Charles Mambo: Political analyst

The Social Democratic Front’s, SDF refusal to join the emerging opposition coalition under Issa Tchiroma ahead of Cameroon’s 2025 presidential elections surprises no one acquainted with the party’s history. Since its founding in 1990 as the country’s first major opposition movement, the SDF has perfected a politics of grievance—loud in protest, timid in action, and allergic to compromise.



From its earliest days it has chosen isolation over collaboration, a pattern that has repeatedly strengthened the very regime it claims to oppose.

Cameroon’s political arithmetic is brutally simple: divide and rule. President Paul Biya has mastered this art for over four decades, surviving attempted coups, diplomatic censure, socio-political uprisings, and multiple elections by exploiting one constant—a fragmented opposition. The numbers are instructive. 

In the 2018 presidential race, Biya officially secured 71% of the vote. Yet if the opposition had rallied behind a single candidate, the combined tallies would have forced a run-off and perhaps a different outcome. Instead, votes were splintered among Maurice Kamto, Cabral Libii, Joshua Osih, and a scatter of minor contenders. 

Backed by state resources, a gerrymandered electoral code, and a tightly controlled media, the CPDM machine needed only to watch the opposition cannibalise itself.

History offers an unambiguous lesson. Across Africa, long-standing regimes have fallen only when opposition forces set aside ego and ideology to present a united front. Zambia in 1991, Senegal in 2000, Kenya in 2002, and The Gambia in 2016 all witnessed entrenched incumbents defeated only after opposition leaders forged alliances and rallied behind one candidate. Fragmentation prolongs autocracy; unity creates momentum.

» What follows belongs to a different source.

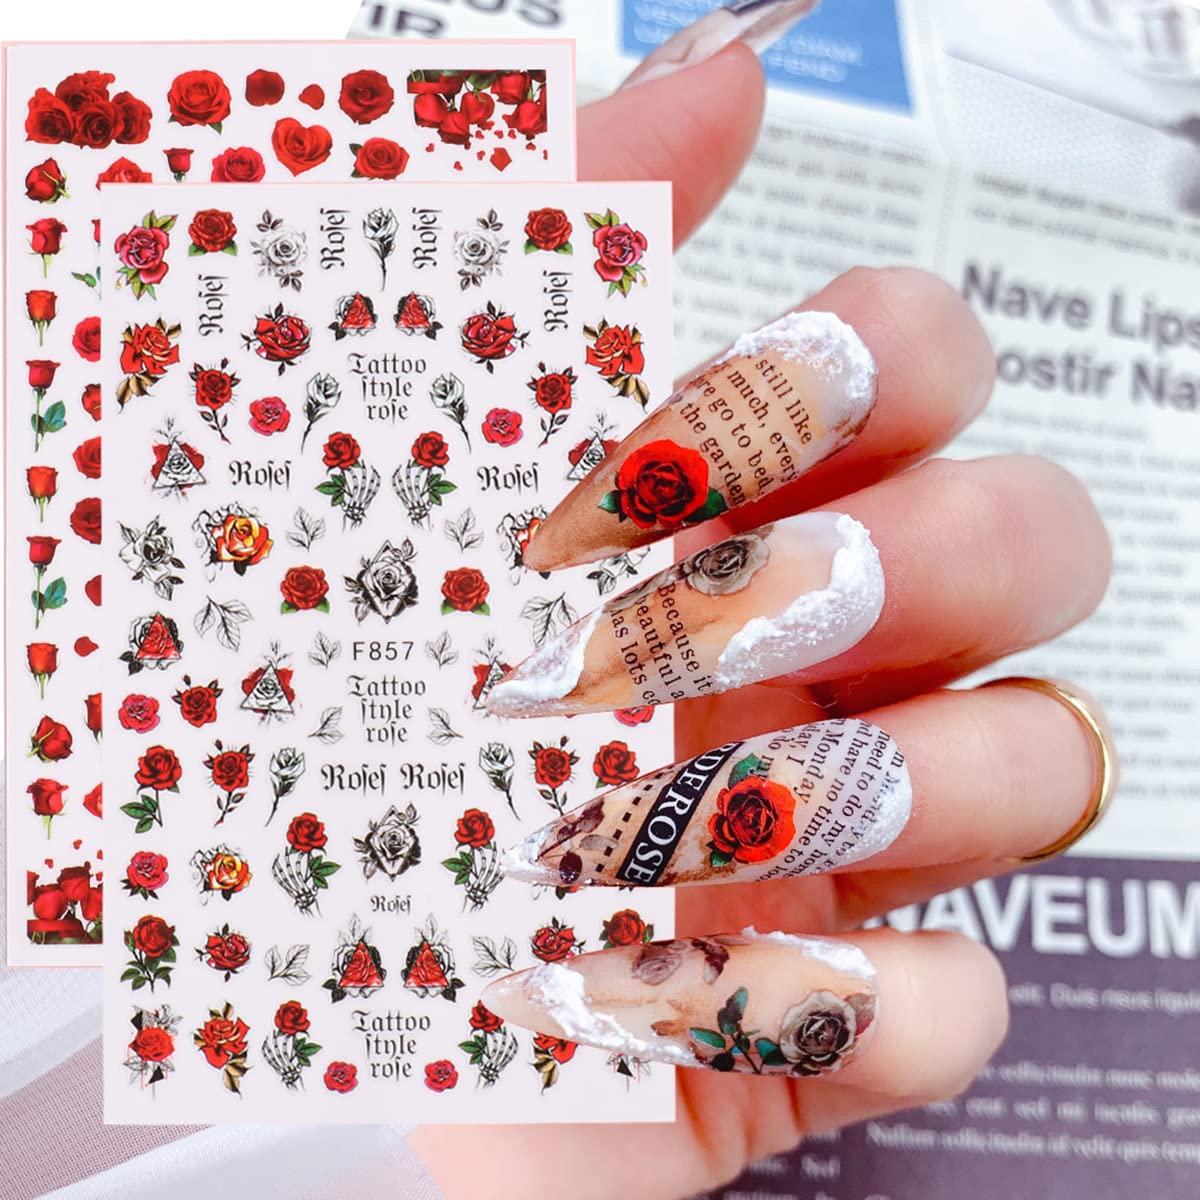 Fashion Colorful Decals Manicure 3D Art Stickers Decal Manicure Self  Adhensive Nail DIY Design Nail Art Stickers for Nail Tools Decorations

Yet, the SDF has repeatedly ignored this calculus. Once hailed as the embodiment of popular resistance, it now seems to revel in permanent opposition—not only to the regime but, paradoxically, to other opposition parties. 

It protests, postures, and registers grievance, but seldom converts frustration into electoral victory. This fatalism is not heroism; it is self-sabotage. The pattern was set as early as 1991, when Cameroon’s pivotal tripartite conference was convened to negotiate constitutional reforms. 

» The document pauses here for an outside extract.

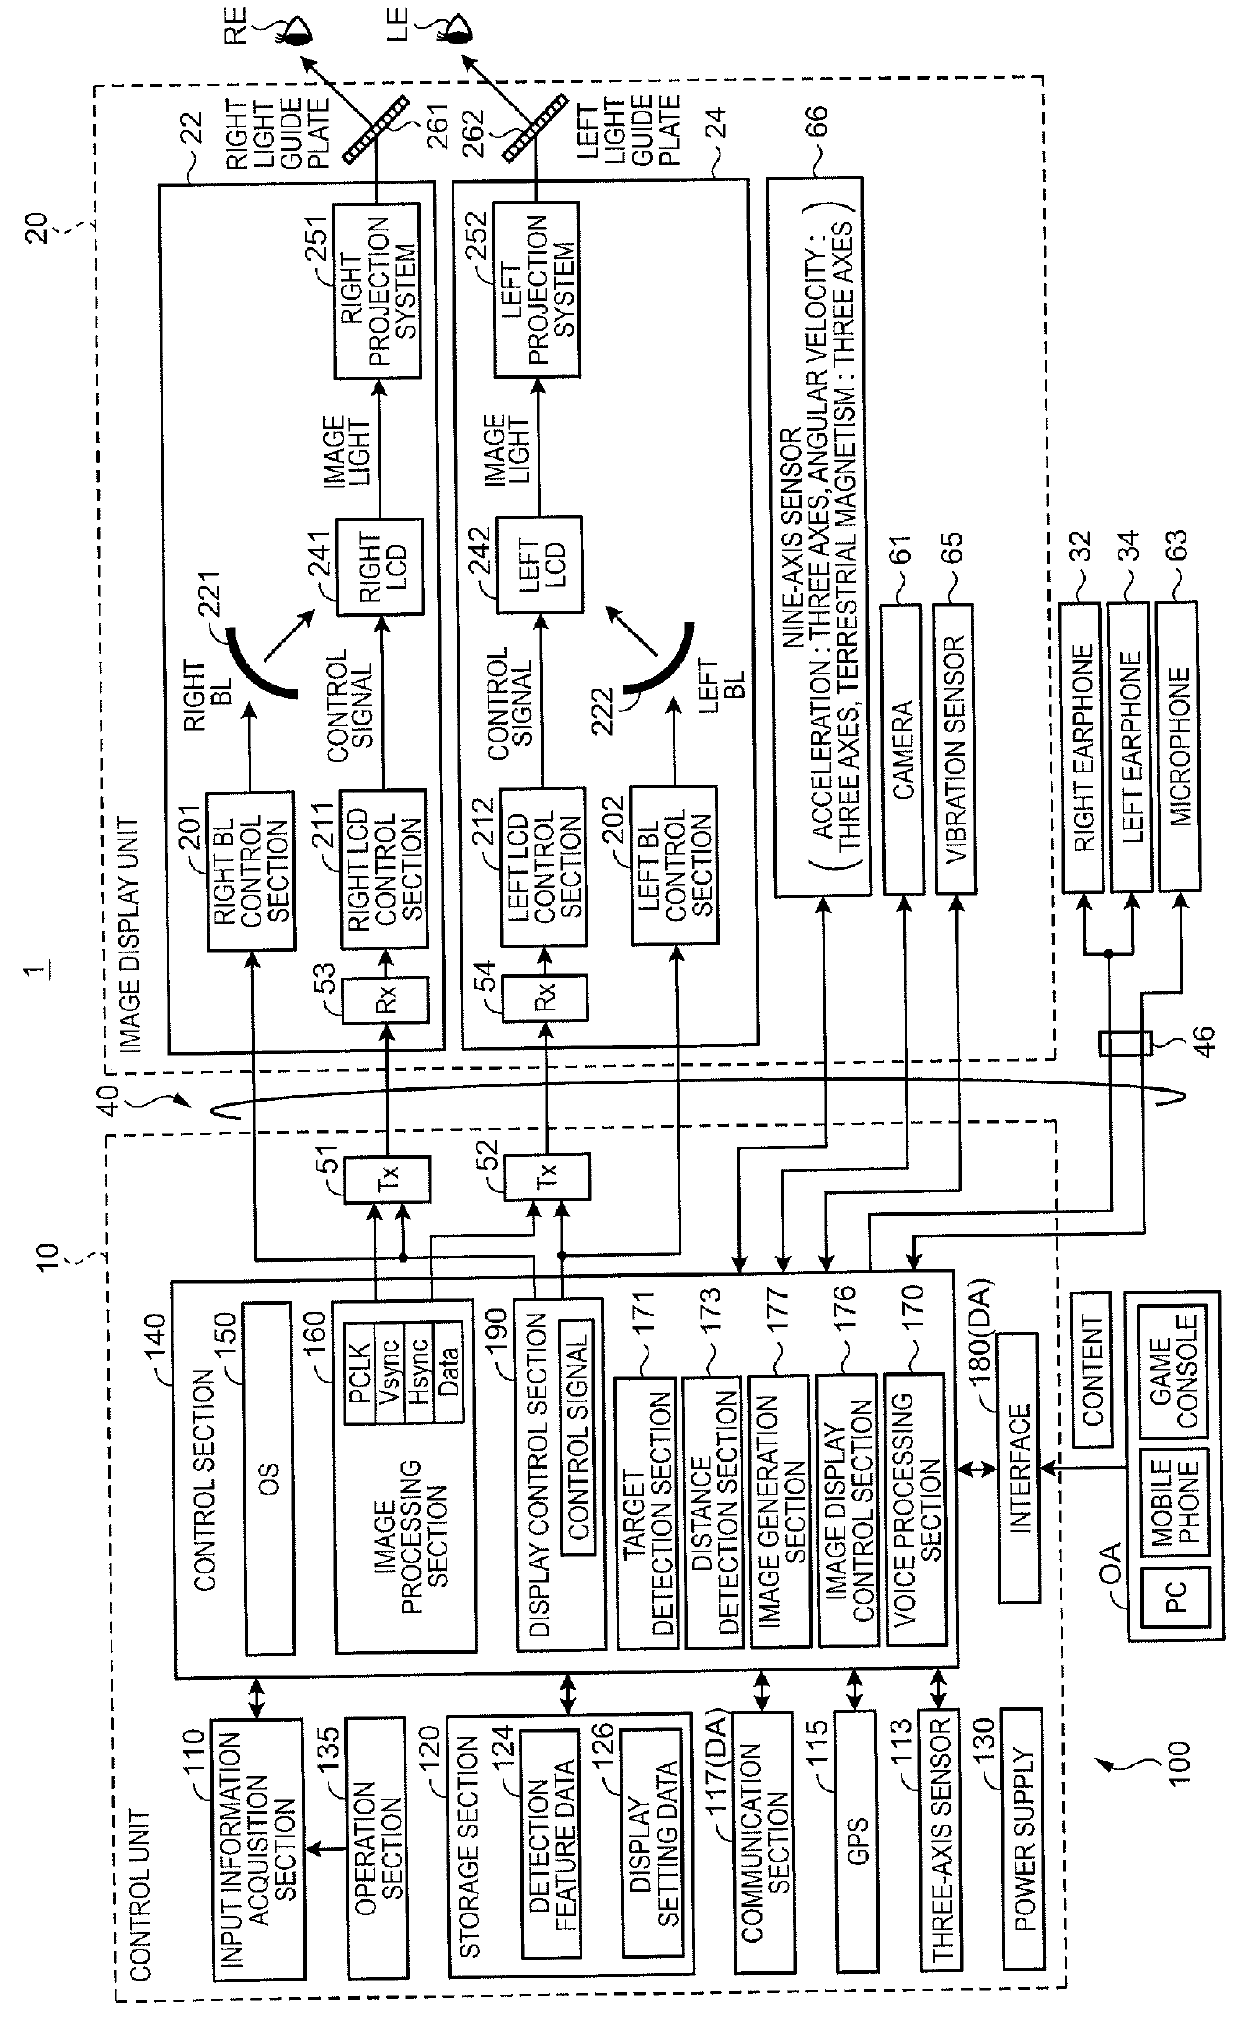 Display apparatus, method for controlling display apparatus, and program

Rather than leading the charge, SDF chairman John Fru Ndi arrived late and participated grudgingly, citing unmet preconditions—a symbolic act of delay that cost Cameroonians decades of potential democratic progress.

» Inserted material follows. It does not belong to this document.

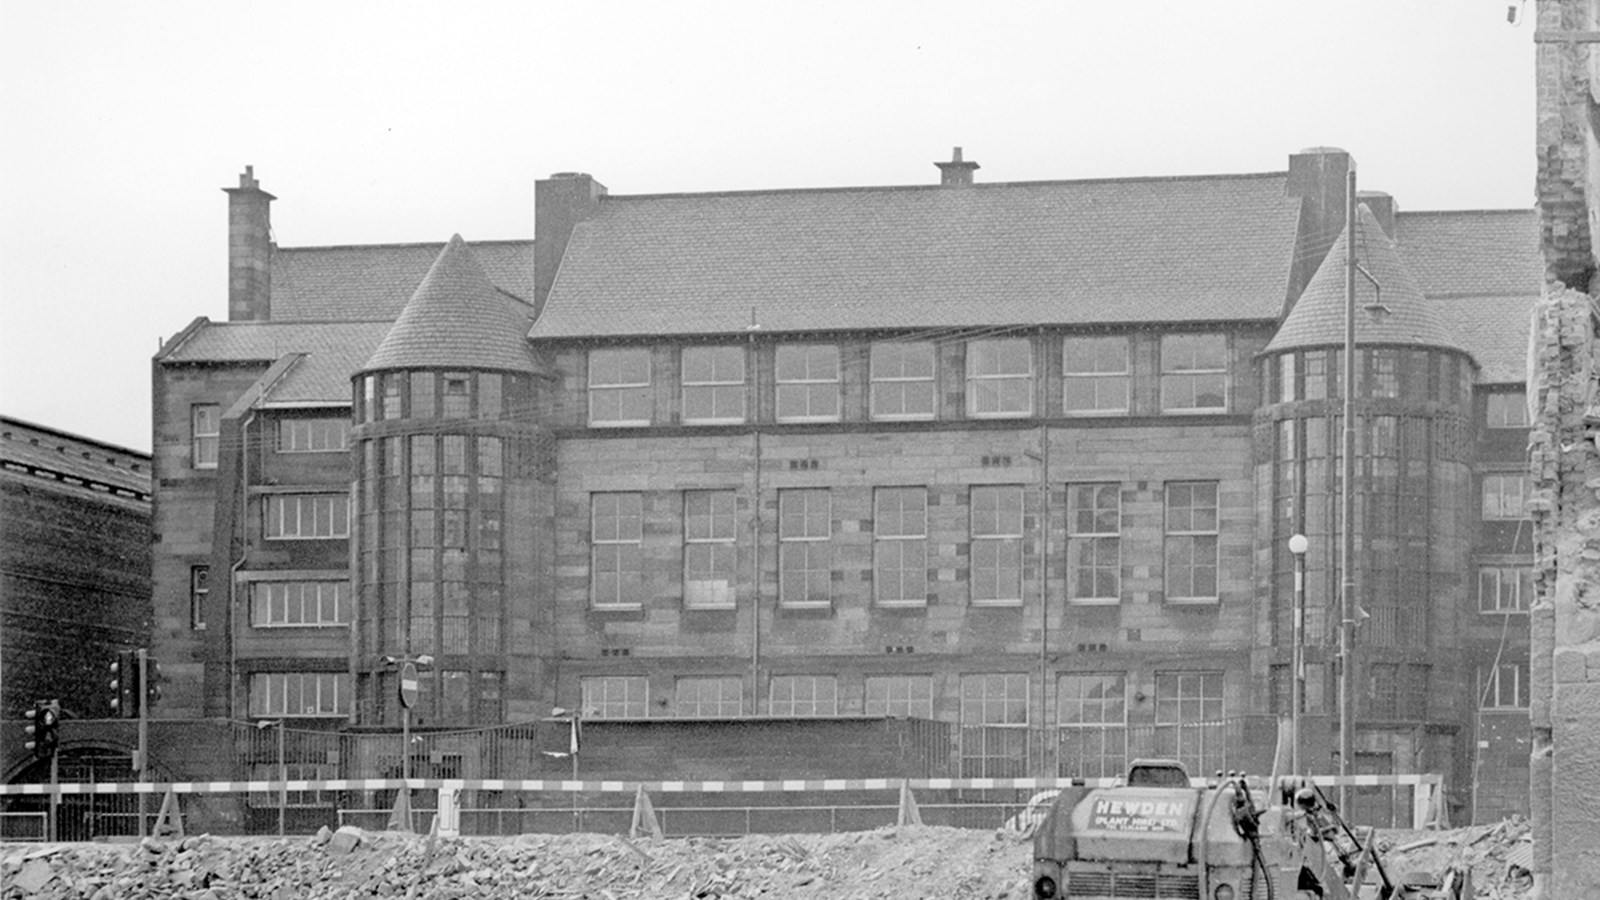 A school board building in black and white photography receiving development work outside, with a small digger and barriers in the foreground.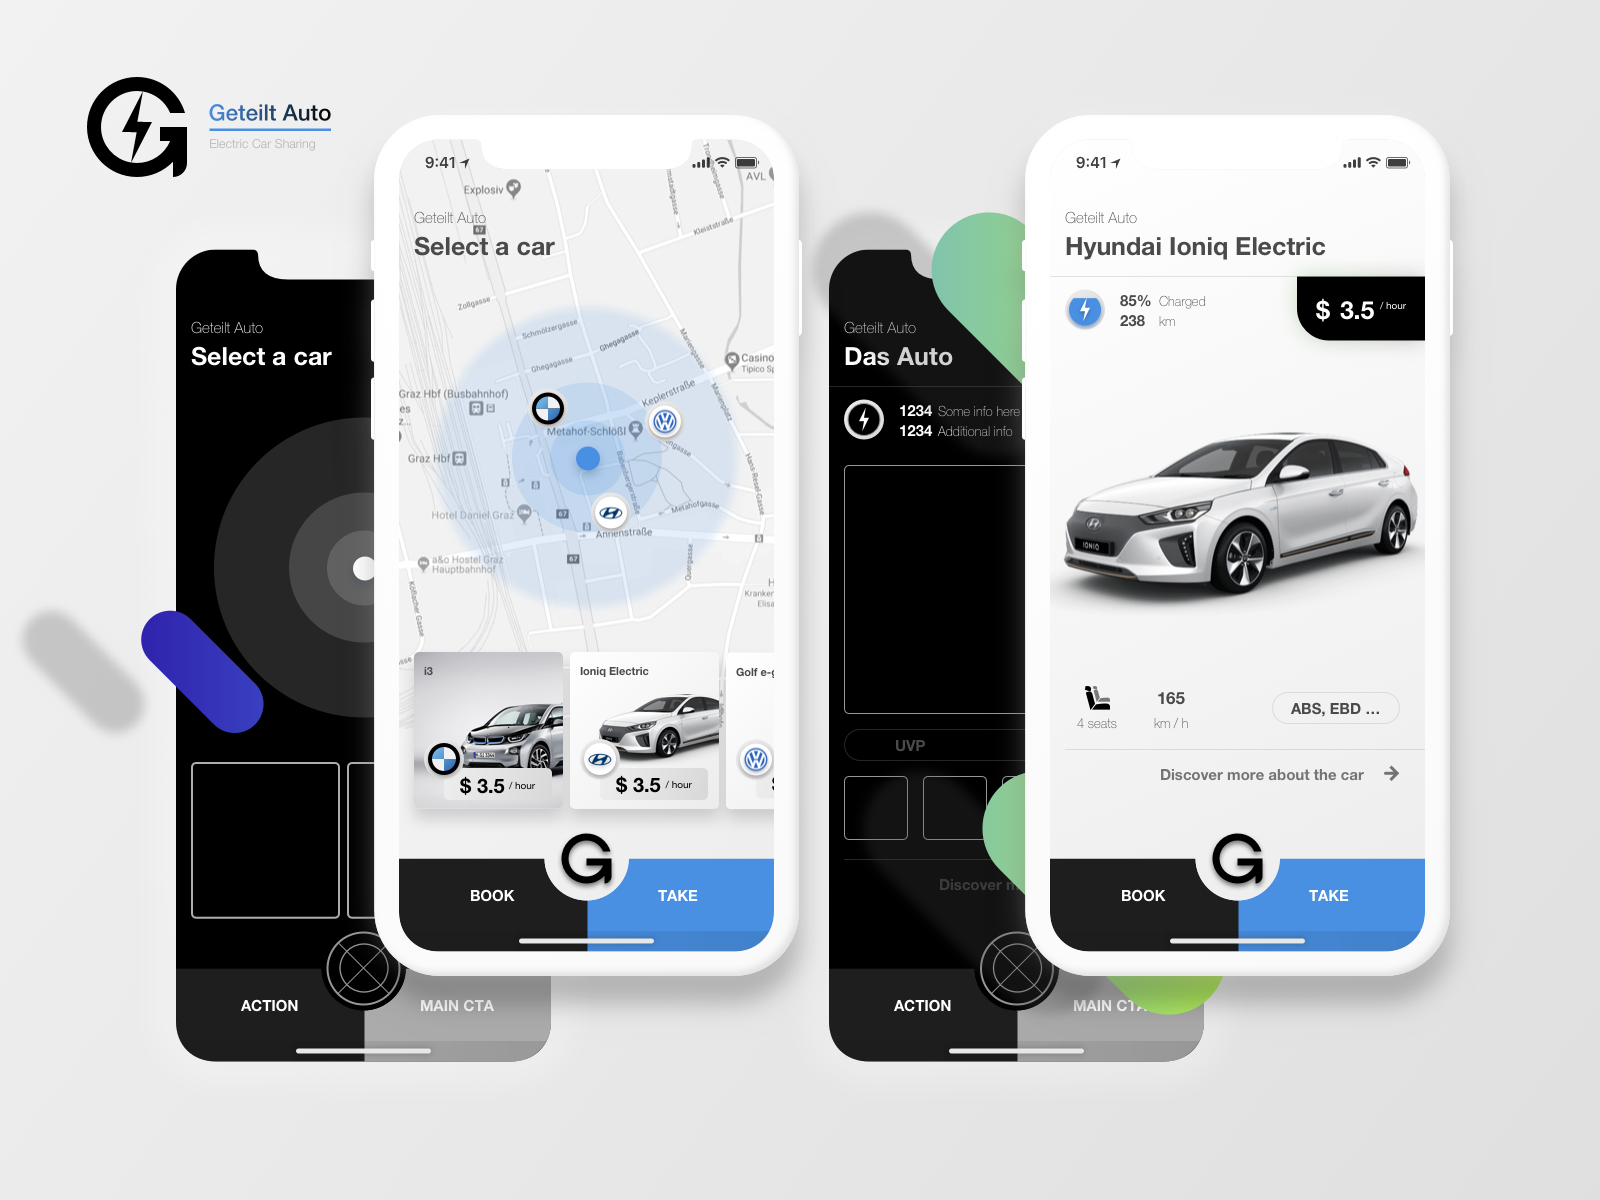 The search is one of the key features of any car rental application (*image by [Oleksandr Matorin](https://dribbble.com/Nekomata){ rel="nofollow" .default-md}*)

The same script played out in 2019, when the SDF boycotted legislative and municipal elections to protest the unresolved Anglophone Crisis. 

It even threatened to withdraw its sitting parliamentarians if the government failed to act—a threat that collapsed under its own weight. The result was disastrous: key parliamentary seats were lost, Anglophone communities were deprived of a critical voice, and the ruling CPDM tightened its grip. Far from martyrdom, this was political abdication.

Today the cycle continues. Party leader Joshua Osih’s refusal to join a coalition fragments the anti-CPDM vote and exposes the party’s true weakness. This is not the lonely courage of a principled outsider; it is the petulance of a leader too power-hungry to share the stage yet too weak to win it alone. Their recalcitrance raises serious questions about integrity, intention, and capacity to lead a modern democracy. 

They cannot pose as the “lone tough dog” when their every action feeds suspicion that they are, at best, merchants of grievance and, at worst, silent enablers of the status quo.

Cabral Libii offers no better example. Once celebrated as the youthful face of renewal, he has drifted from UNIVERS in 2018 to the Cameroon Party for National Reconciliation and now to a platform of his own design. 

This is not principled evolution but opportunistic manoeuvring. His refusal to support a single opposition candidate deepens public suspicion that he is a “sleeping candidate” for the CPDM—a spoiler whose ambition serves the very power he claims to challenge.

Against this bleak landscape, Akere Muna stands out as a rare figure of vision and discipline. A respected lawyer and anti-corruption crusader, Muna proved in 2018 that personal ambition can be subordinated to the national good when he ceded his candidacy to Maurice Kamto to strengthen the opposition’s chances. 

He has again entered the 2025 race only to immediately join the growing coalition, recognising that no individual can dismantle a system fortified by four decades of CPDM rule. His example demonstrates what true leadership demands: the courage to sacrifice ego for a collective good.

The strategic imperative is obvious. Only a coalition—broad enough to pool votes, share resources, and project a single, unambiguous alternative—can overcome the structural bias of Cameroon’s electoral landscape.